1 Whole Wheat Flatbread

1 medium Red Bell Pepper

½ medium Red Onion

1 medium Zucchini

2 tbsp Non-Fat Greek Yogurt

1 tbsp BBQ Sauce

1 tsp Ranch Seasoning

1 tsp Olive Oil

PREPARATION

  • 1

    Preheat a grill pan or skillet over medium-high heat. Lightly brush the chicken breast with olive oil and season with salt and pepper if desired.

  • 2

    Grill the chicken breast for about 5-6 minutes on each side until fully cooked and slightly crispy. Once done, let it rest and then slice into strips.

  • 3

    While the chicken is cooking, thinly slice the red bell pepper, red onion, and zucchini.

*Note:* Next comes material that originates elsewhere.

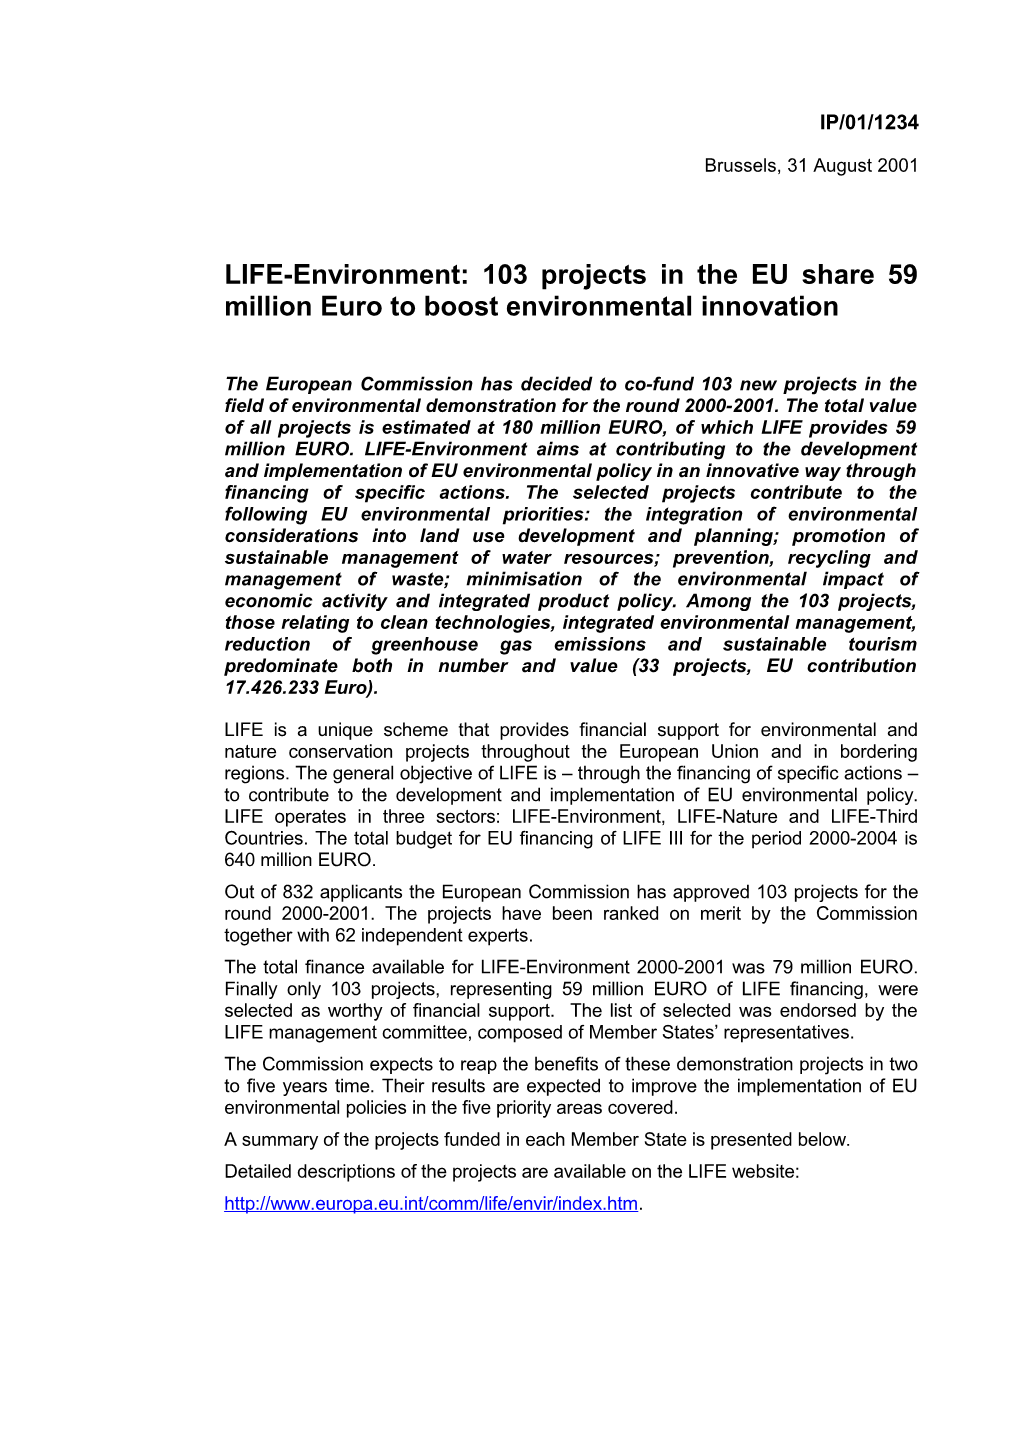 LIFE-Environment: 103 Projects in the EU Share 59 Million Euro to Boost Environmental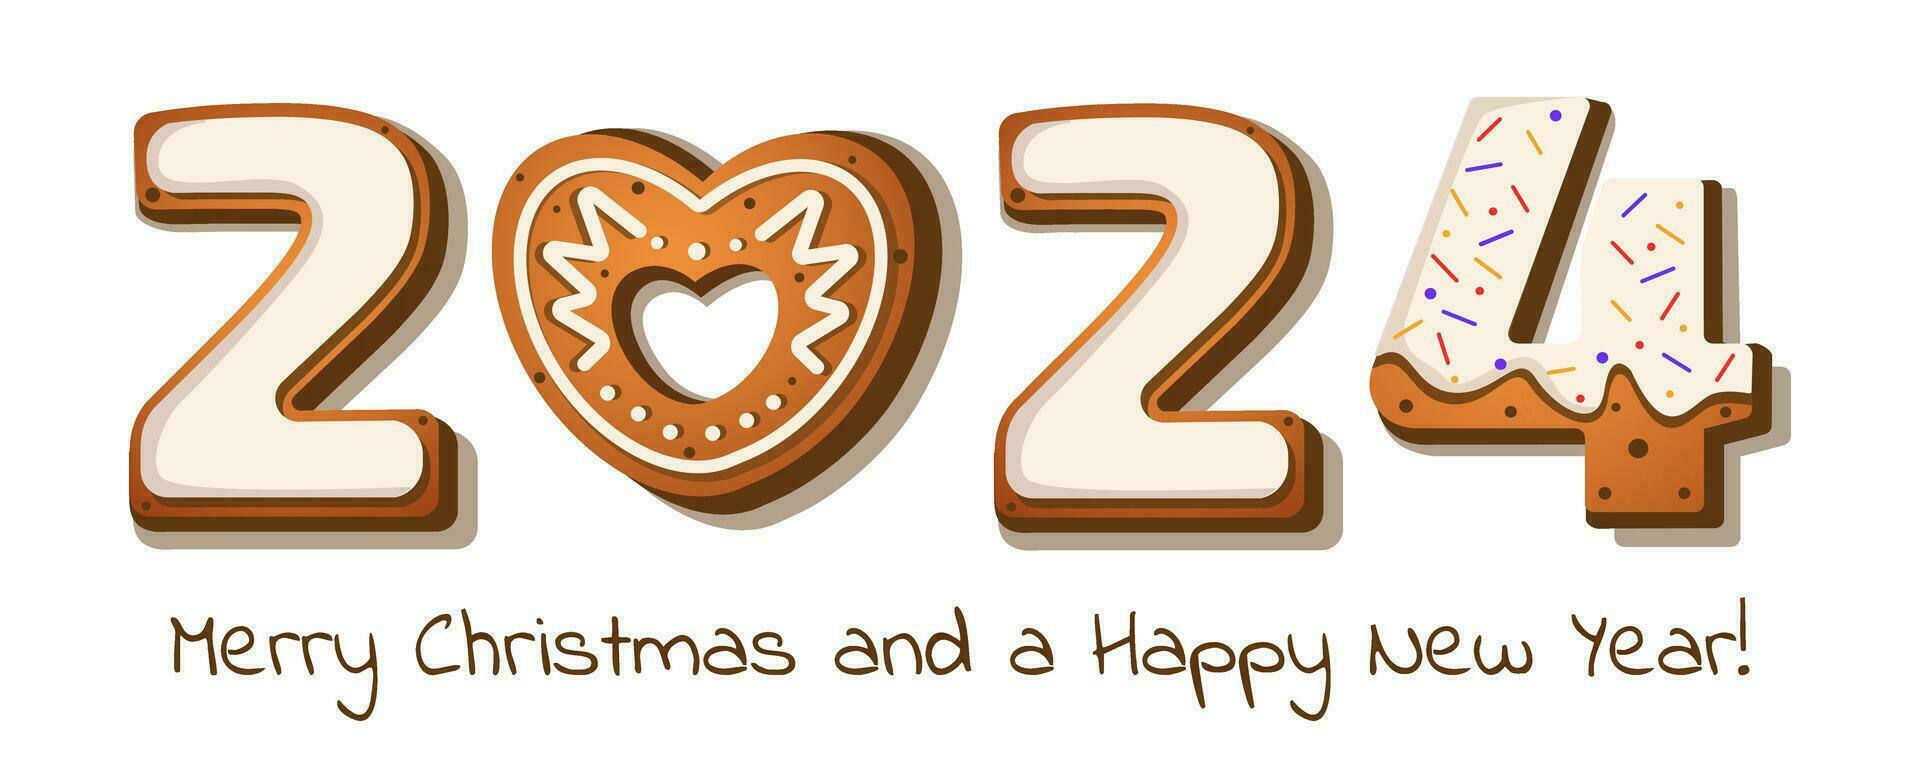 gingerbread cookies in the form of numbers 2024 in cartoon style on a white background vector

Sauté the veggies in a non-stick pan for 3-4 minutes until they are tender but still crisp.

  • 4

    For the BBQ ranch drizzle, combine the non-fat Greek yogurt, BBQ sauce, and ranch seasoning in a small bowl until smooth and evenly mixed.

  • 5

    Heat the whole wheat flatbread in a dry skillet or in the oven at 350°F for a couple of minutes until warm and slightly crispy.

  • 6

    Assemble the flatbread by layering the sautéed veggies, grilled chicken strips, and then drizzling the BBQ ranch sauce over it. Serve immediately.